Imam Bukhari meriwayatkan satu hadis dari Abu Hurairah bahwa Nabi saw. berkata, “Celaka budak dinar, dirham, dan kain (qathifah). Jika diberi dia ridha, jika tak diberi dia tak rela.” Melalui hadis tersebut, Rasulullah saw. menekankan bahwa sungguh tak elok manusia yang hatinya terpaku pada keberadaan harta. Menjadi kaya memang tidak salah, tapi menempatkan kekayaan pada hati tidaklah dianjurkan. Tercatat dalam sejarah, tidak sedikit para alim ulama yang mempunyai kekayaan yang banyak, namun kekayaan tersebut tidak menggoyahkan hati mereka dalam menyikapi kehidupan di akhirat.
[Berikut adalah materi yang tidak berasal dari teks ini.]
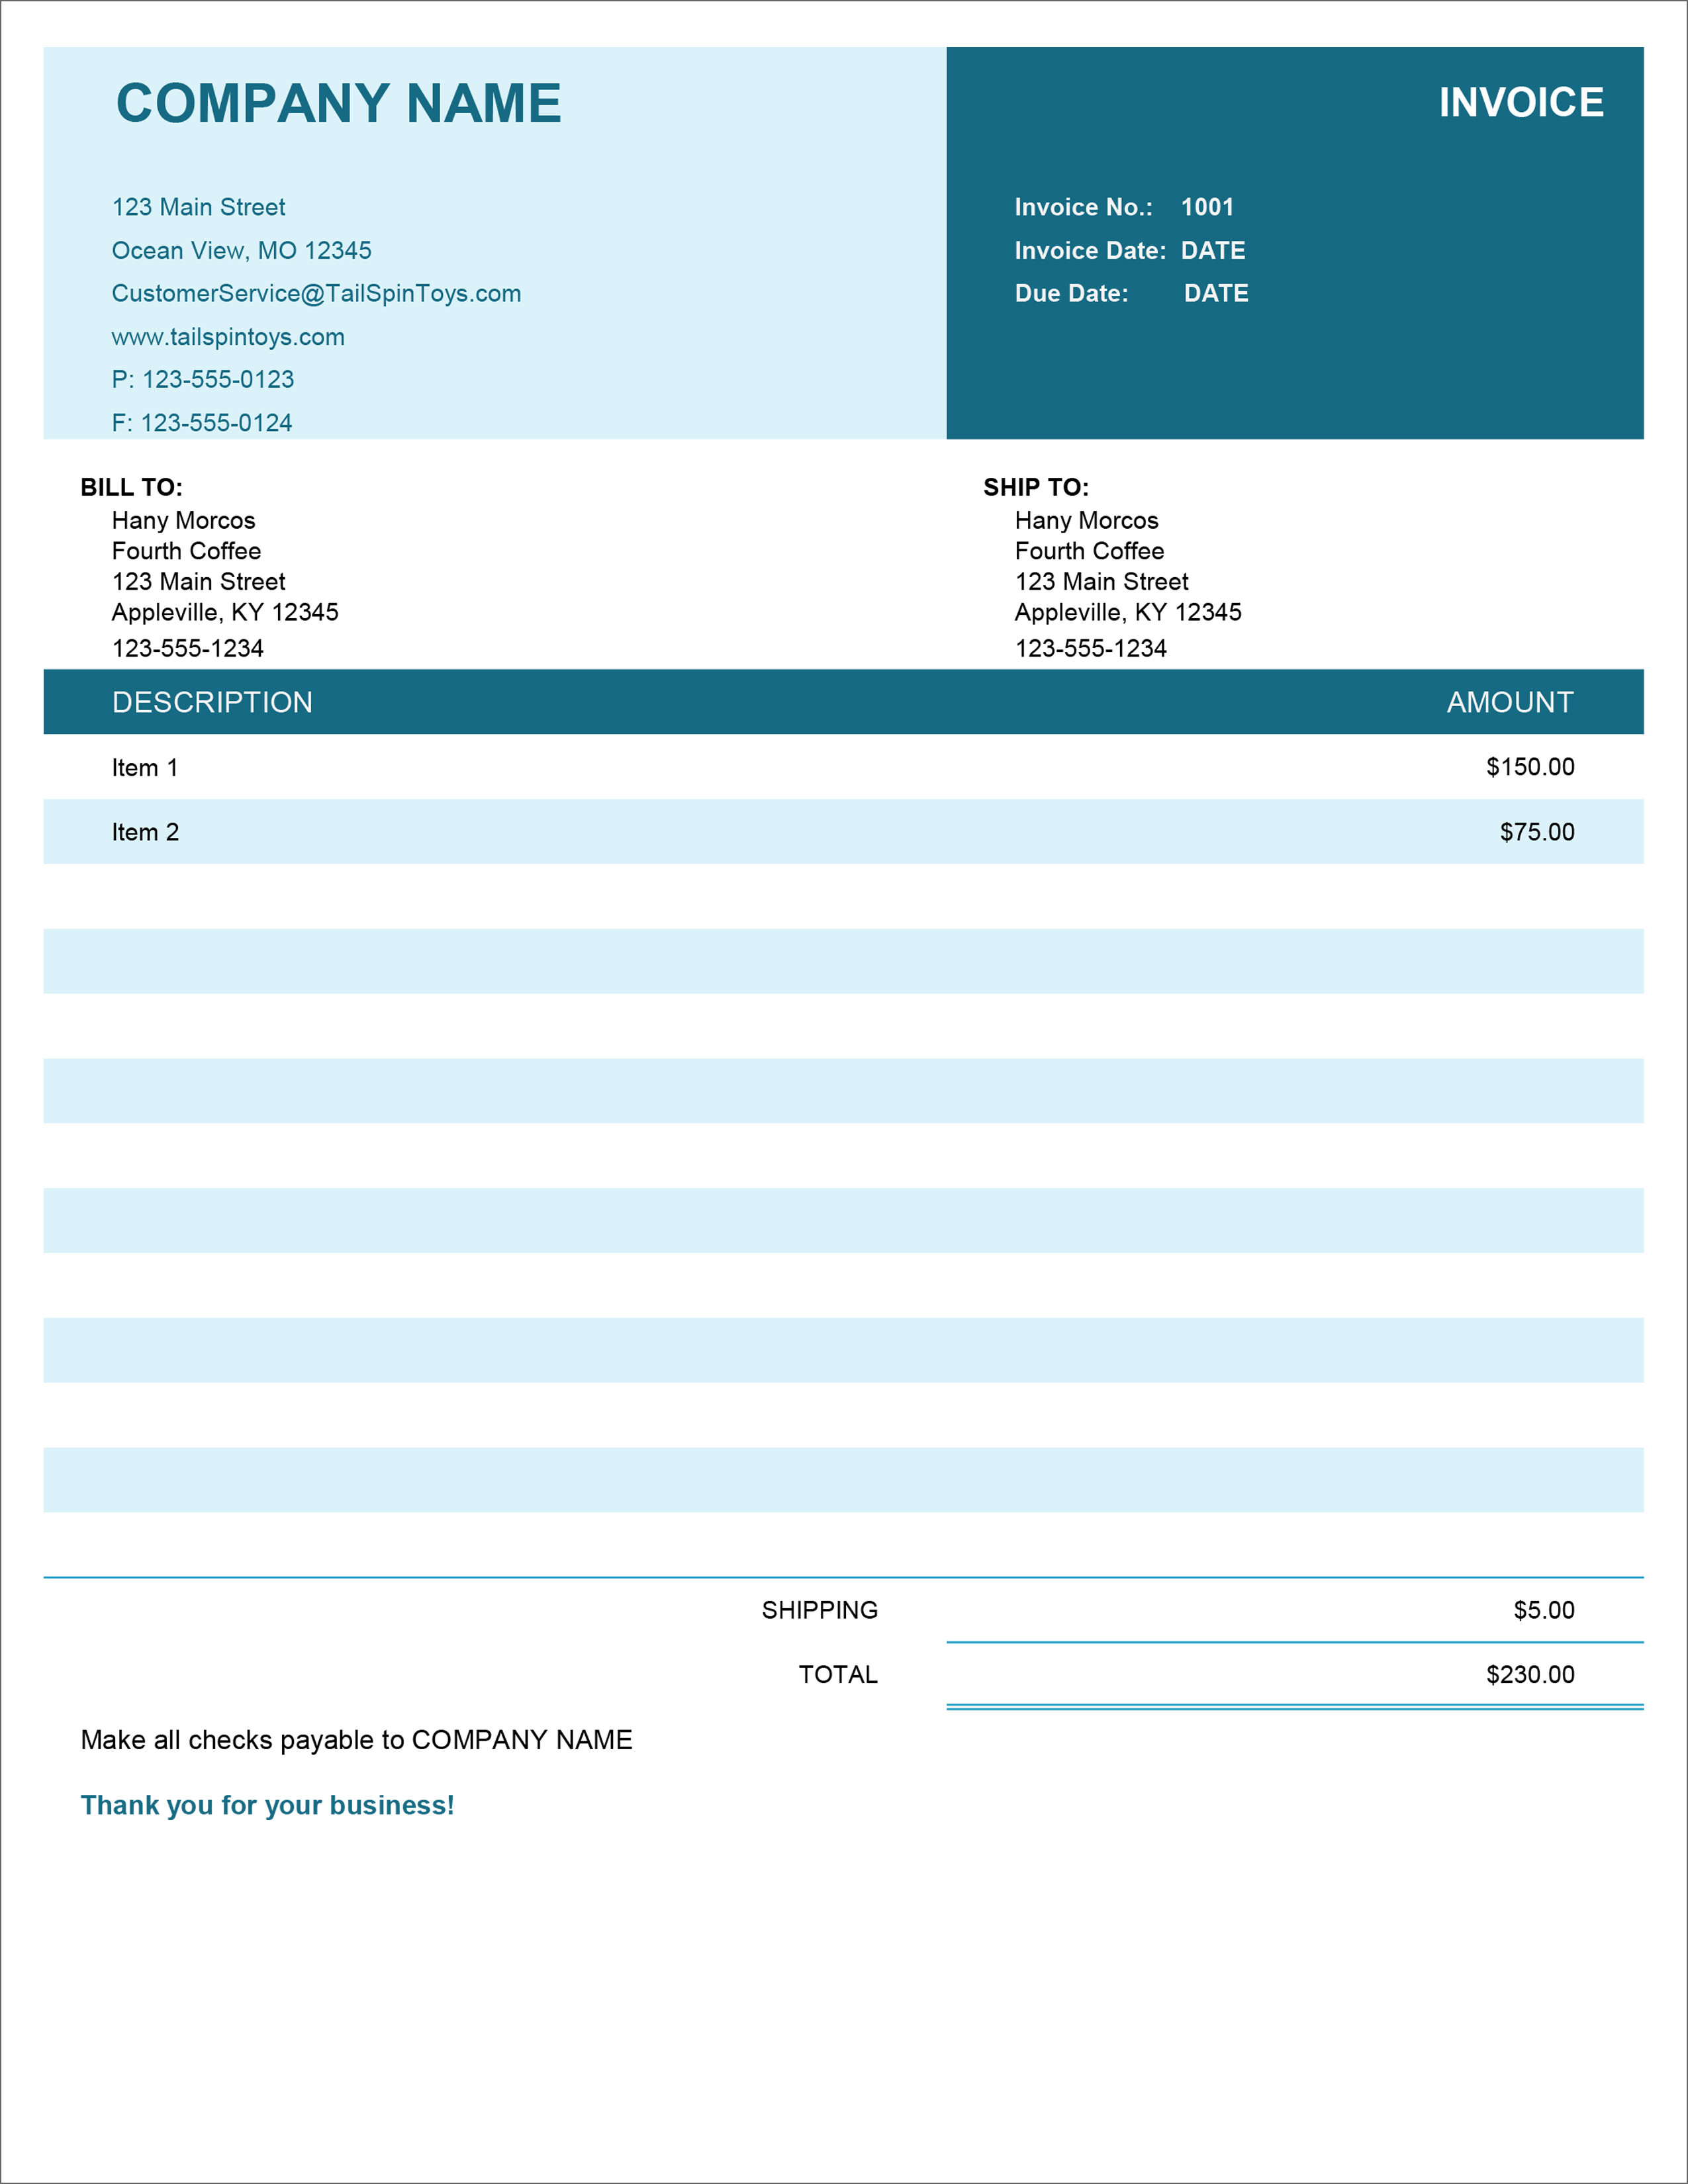 23 Free Invoice Templates In Microsoft Excel And DOCX Formats For Invoice Template Excel 2013

Islam menganjurkan keseimbangan dalam menyikapi kehidupan dunia dan akhirat. Tidak berlebihan pada dunia, sebaliknya juga tidak berlebihan pada akhirat. Dalam surat Al-Qashash ayat 77 Allah swt. berfirman, “Carilah pada apa yang telah dianugerahkan Allah kepadamu (kebahagiaan) negeri akhirat, dan janganlah kamu melupakan bahagianmu dari (kenikmatan) duniawi dan berbuat baiklah (kepada orang lain) sebagaimana Allah telah berbuat baik, kepadamu, dan janganlah kamu berbuat kerusakan di (muka) bumi. Sesungguhnya Allah tidak menyukai orang-orang yang berbuat kerusakan.” Ayat ini menjelaskan kepada kita bahwa akhirat memang telah disediakan sebagai tempat kembali, namun sebelumnya manusia juga ditakdirkan hidup di dunia. Dengan begitu, sebagaimana akhirat harus dipersiapkan, dunia juga harus dijadikan tempat mempersiapkan hidup di akhirat kelak.

Dalam sebuah ungkapan dikatakan bahwa dunia adalah ladang akhirat (ad-dunya mazra’at al-akhirah). Maksudnya adalah bagaimana kita harus bersikap terhadap dunia untuk menjadikannya sebagai ladang di mana kita menanam berbagai amal baik untuk dipanen nantinya di akhirat. Jika amal yang kita tanam berasal dari bibit yang kurang baik, kita harus bersiap memanen hasil yang kurang baik. Sebaliknya jika yang kita tanam berasal dari bibit yang baik, maka kita akan bergembira dengan hasil yang baik pula di akhirat kelak. Allah berfirman, “Siapa yang mengerjakan kebaikan seberat dzarrahpun dia akan melihat (balasan)nya. Siapa yang mengerjakan kejahatan sebesar dzarrahpun dia akan melihat (balasan)nya pula.”